Performance Tips

June 19, 2026 · View on GitHub

This guide covers techniques to get the best performance from emhash.

Compile-Time Optimization

1. Enable Compiler Optimizations

# Release build (critical for performance)
g++ -O3 -march=native -std=c++17 your_app.cpp

# With LTO for cross-module optimization
g++ -O3 -march=native -flto -std=c++17 your_app.cpp

Never benchmark with -O0 or -O1 — emhash relies heavily on inlining.

2. Choose the Right Standard

# C++17: best balance of features and compiler support
g++ -std=c++17 ...

# C++20: enables structured bindings with lambda hash/eq (minor benefit)
g++ -std=c++20 ...

Pre-Allocation

3. Always reserve() When Size Is Known

// Bad: multiple rehashes as elements are added
emhash7::HashMap<int, int> map;
for (int i = 0; i < 1000000; i++)
    map[i] = i;  // triggers ~20 rehashes

// Good: single allocation
emhash7::HashMap<int, int> map;
map.reserve(1000000);
for (int i = 0; i < 1000000; i++)
    map[i] = i;  // no rehash

4. Reserve Slightly More for Mixed Workloads

// If you'll insert and erase frequently, reserve 20-30% extra
map.reserve(expected_size * 1.25);

Insert Optimization

5. Use insert_unique() When Keys Are Unique

// Slow: checks if key exists first
map.insert({key, val});

// Fast: skips existence check (key MUST be unique)
map.insert_unique(key, val);  // 20-40% faster for new keys

6. Use operator[] for Overwrite Semantics

// operator[] is faster than insert() when overwriting
map[key] = new_val;  // Fast path: key exists, just overwrite

Lookup Optimization

7. Use try_get() Instead of find() + Check

// Verbose
auto it = map.find(key);
if (it != map.end()) {
    use(it->second);
}

// Faster and cleaner
if (auto* pval = map.try_get(key)) {
    use(*pval);
}

8. Use contains() for Existence Checks

// Slower: constructs a value_type
map.count(key) > 0;

// Faster: no value construction
map.contains(key);

Hash Function Selection

9. Integer Keys: Consider Bit-Mixing Hash

// Default std::hash<int> is identity — can cause clustering with power-of-2 buckets
// for arithmetic sequence keys (0, 1024, 2048, ...).

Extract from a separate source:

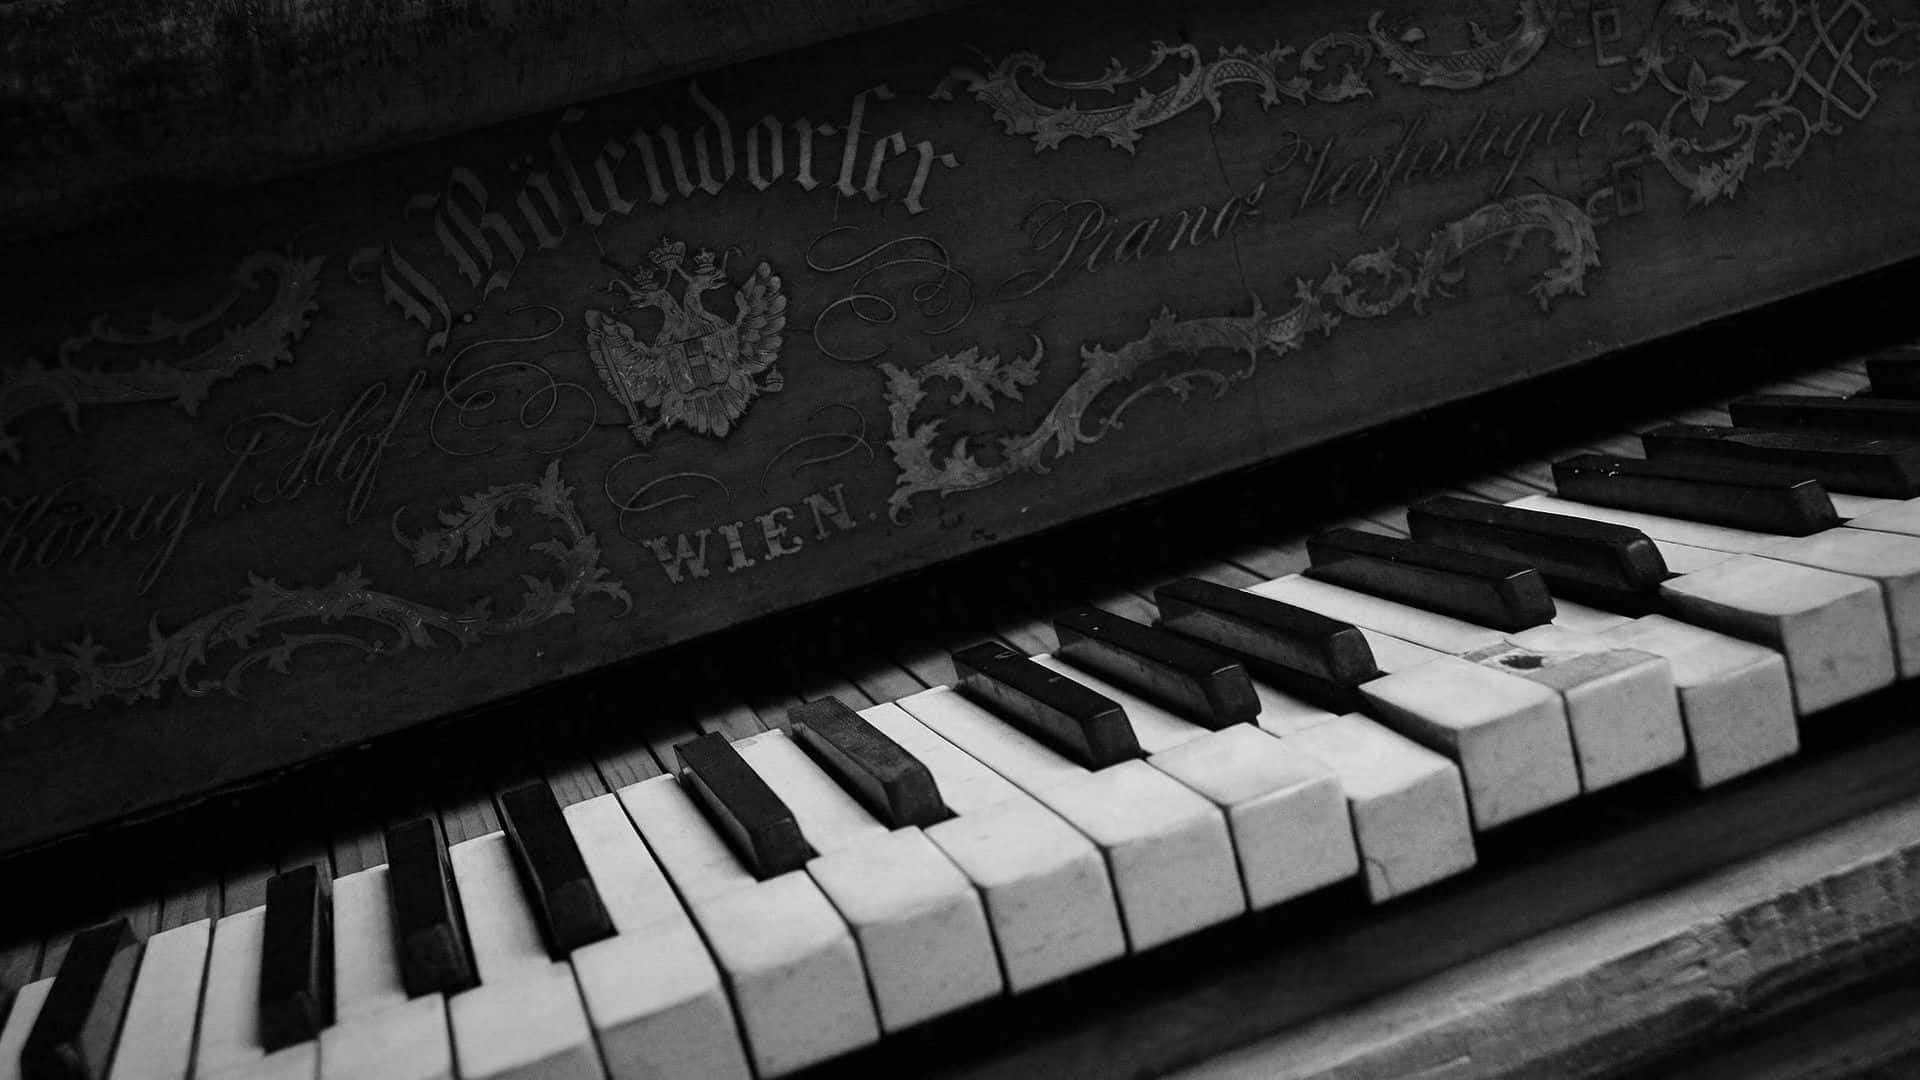 Imparaa Suonare Il Pianoforte E Creare Musica

Consider enabling EMH_INT_HASH:
emhash7::HashMap<int, int> map;  // OK for random keys

// For sequential/arithmetic keys, compile with -DEMH_INT_HASH=1 for golden-ratio mixing

10. String Keys: Consider wyhash

# Compile with wyhash for faster string hashing
g++ -DEMH_WY_HASH=1 -O3 -std=c++17 your_app.cpp

11. Custom Hash: Avoid Poor Hash Functions

// Bad: high collision rate for sequential keys
struct BadHash {
    size_t operator()(int x) const { return x % 1000; }
};

// Good: use bit mixing
struct GoodHash {
    size_t operator()(int x) const {
        x = ((x >> 16) ^ x) * 0x45d9f3b;
        x = ((x >> 16) ^ x) * 0x45d9f3b;
        return (x >> 16) ^ x;
    }
};

Version Selection for Performance

12. Choose Based on Your Bottleneck

BottleneckBest VersionWhy
Insert-heavyemhash7No tombstones, stable insert performance
Lookup-heavy (integer keys)emhash5/6Lowest probe count
Iteration-heavyemhash8Dense pairs array, sequential scan
Mixed insert/eraseemhash7No tombstone accumulation
Large key/value typesemhash8Dense pairs, no metadata interleaving

Memory Optimization

13. Compact Layout Saves Memory

// emhash packs key+value tightly when sizes differ
emhash7::HashMap<uint64_t, uint32_t> map;  // Saves ~1/3 vs <uint64_t, uint64_t>

14. Use shrink_to_fit() After Bulk Erase

for (auto& k : keys_to_remove)
    map.erase(k);
map.shrink_to_fit();  // Release unused memory

15. High Load Factor Saves Memory

# Trade: slightly slower lookup for less memory
g++ -DEMH_HIGH_LOAD=123456 -O3 -std=c++17 your_app.cpp
emhash7::HashMap<int, int> map(1024, 0.95f);  // 95% load factor

Anti-Patterns to Avoid

16. Don't Rehash in Hot Loops

// Bad: repeated small inserts cause rehashing
for (auto& [k, v] : data)
    map[k] = v;

// Good: reserve first
map.reserve(data.size());
for (auto& [k, v] : data)
    map[k] = v;

17. Don't Use at() for Lookup

// Slow: exception overhead
auto val = map.at(key);

// Fast: no exception
auto it = map.find(key);
if (it != map.end()) val = it->second;

// Fastest: pointer return
if (auto* p = map.try_get(key)) val = *p;

18. Don't Copy Maps Unnecessarily

// Bad: deep copy
auto copy = original_map;

// Good: move
auto moved = std::move(original_map);

// Good: const reference
void process(const emhash7::HashMap<int, int>& map);